Título: Ética e ciência
Autor: Sérgio Abramoff
Fonte: Jornal do Brasil, 19/03/2005, Outras opiniões, p. A11

Aprendi que todos os seres, brancos ou negros, judeus ou muçulmanos, são iguais. Todos sofremos por uma ou por outra razão, e buscamos alívio para o sofrimento

As células-tronco são assim chamadas por terem duas características básicas: são capazes de se dividir de forma ilimitada (enquanto o organismo em que se encontram estiver vivo) e são também capazes tanto de se multiplicar dando origem a outras células tronco-idênticas como se diferenciar em células de inúmeras diferentes características e funções (células musculares, cardíacas, hepáticas, cerebrais etc).

Após muitos anos de estudo da biologia de células-tronco de cobaias, em 1998, conseguiu-se isolar estas células a partir de embriões humanos armazenados em clinicas de infertilidade, e estimular seu crescimento em pesquisas de laboratório. As células-tronco provenientes destes embriões de poucos dias de criação são pluripotentes, podendo dar origem a qualquer outra célula do corpo humano, exceto as necessárias para criar outro embrião, podendo criar linhagens de crescimento continuado nos laboratórios, ou serem congeladas para armazenamento e/ou distribuição a outros pesquisadores.

Em futuro não muito distante os cientistas poderão, através da engenharia genética, alterar genes nestas células tronco responsáveis por inúmeras doenças, e reimplantá-las no organismo, alterando o curso de doenças graves e intratáveis (doença de Parkinson, doença de Alzheimer, esclerose múltipla, transplante de órgãos, traumas medulares, diabetes e inúmeras outras doenças metabólicas), isto sem falar no câncer e nos defeitos congênitos.

As questões éticas envolvidas nestas pesquisas são enormes. Antes de tudo, será que neste caso os fins (o alívio do sofrimento humano) justificam os meios (a utilização de embriões não aproveitados nas clínicas de fertilização)? Para a Igreja, coerente com a sua linha de respeito à vida nas formas mais incipientes, a resposta seria diferente daquela de um pai que possui um filho tetraplégico em conseqüência de um acidente, ou de um filho cujo pai agora tem a morte anunciada por uma doença grave irreversível. Ambas as posições são previsíveis e devem ser respeitadas, evitando-se o confronto e promovendo-se o debate e o esclarecimento da opinião pública.

Em medicina aprendemos a ter bom-senso para não querer salvar um paciente de um destino que ele não iria ter. Exemplificando, a maioria dos homens que viverem mais de 75 anos terão câncer de próstata, mas morrerão por outras causas, e não devido ao câncer. Operar a sua próstata não traria assim nenhum benefício. O mesmo bom-senso nos aponta para o fato de não podermos salvar ou matar um embrião que jamais se desenvolveria, jamais teria um útero a lhe direcionar para a realização de uma vida humana. Não podemos nos considerar assassinos de uma vida que jamais existiria.

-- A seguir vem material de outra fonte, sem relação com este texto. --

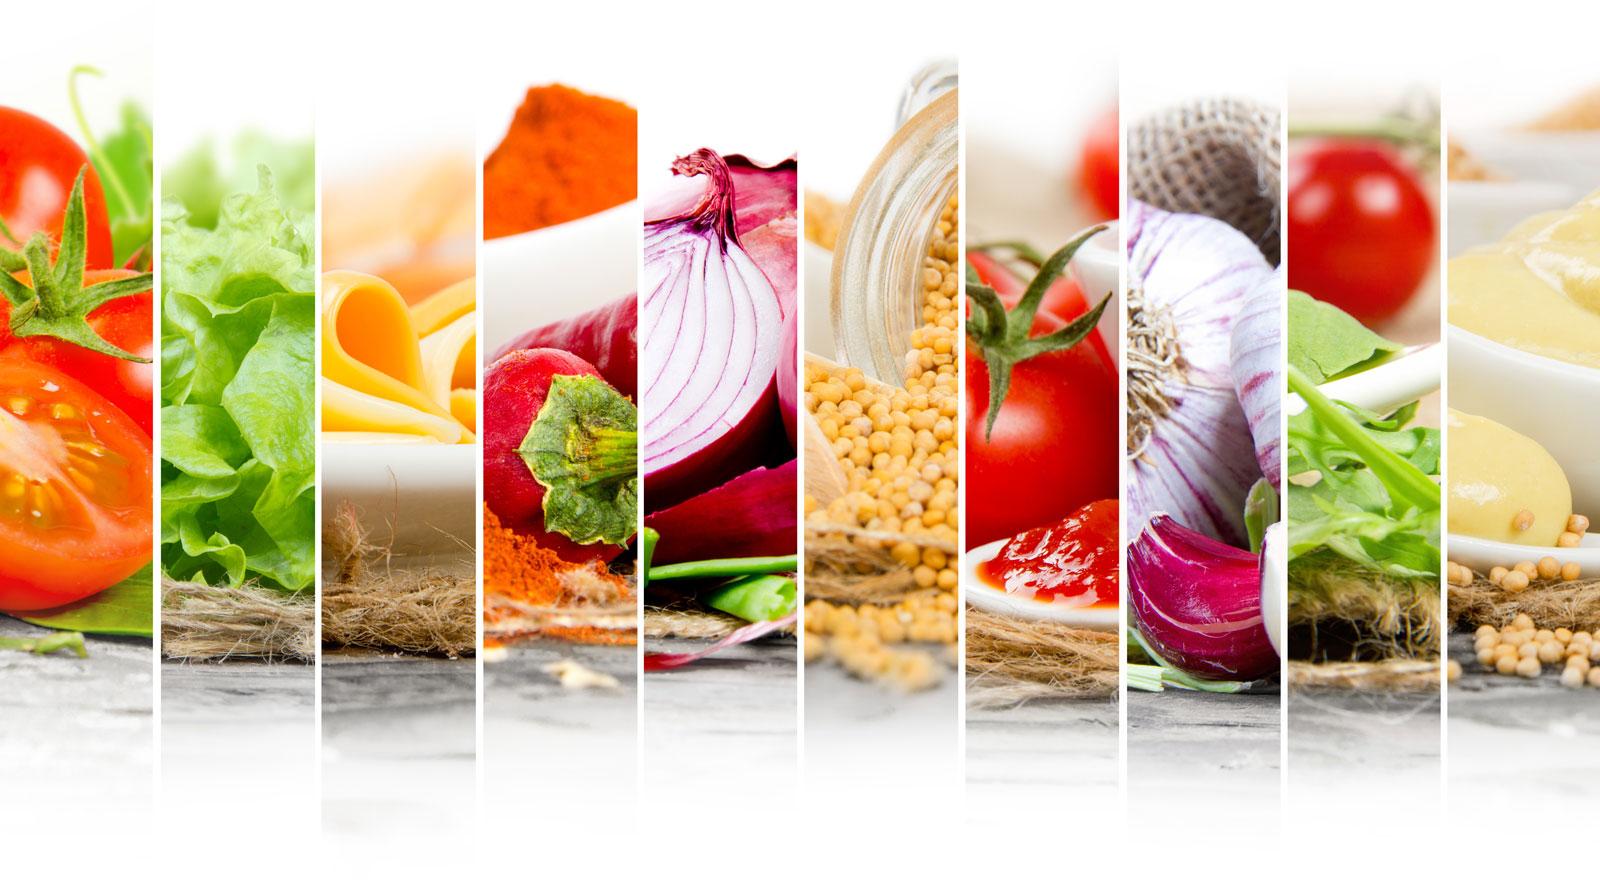 Food-Labeling-Compliance-A-Roadmap

Outro argumento, de que se poderiam fazer mau uso desta tecnologia para clonagem ou experiências de melhora da raça em descendentes, realmente preocupa e muito, mas infelizmente esta malversação é típica do procedimento humano. Como judeu, trago em minha história o sofrimento das fogueiras, das privações, dos campos de extermínio e das câmaras de gás, bem sei do que somos capazes. Esta faceta negra da complexidade humana, no entanto, não justifica fecharmos as portas para a possibilidade de alívio para o sofrimento de tantos e tão próximos, assim como não fechamos as portas da Igreja pelos casos alarmantes de pedofilia. O distorcido não deve contaminar a esperança humana, ou nossa tragédia não seria somente previsível como hoje, mas também covarde e deprimente.

Aprendi como médico que todos os seres, pobres ou ricos, brancos ou negros, judeus ou muçulmanos são iguais. Todos sofremos por uma ou por outra razão, e todos buscamos o alívio para este sofrimento. Sou a favor das pesquisas agora liberadas em nosso país, mas respeito tanto a posição mais ortodoxa da Igreja, quanto a ousadia e os limites por vezes discutíveis de cientistas e poetas. Não nos deixemos embriagar por certezas muito radicais, não percamos de vista o incansável esforço para nos tornarmos seres humanos mais dignos e compassivos. O restante é apenas mistério, de outro modo como justificar que as células-tronco não possam gerar outro embrião pelo simples fato de que as únicas células em que não conseguem se diferenciar sejam as células placentárias? Sejamos então humildes, e apenas busquemos nos alinhar com o bem.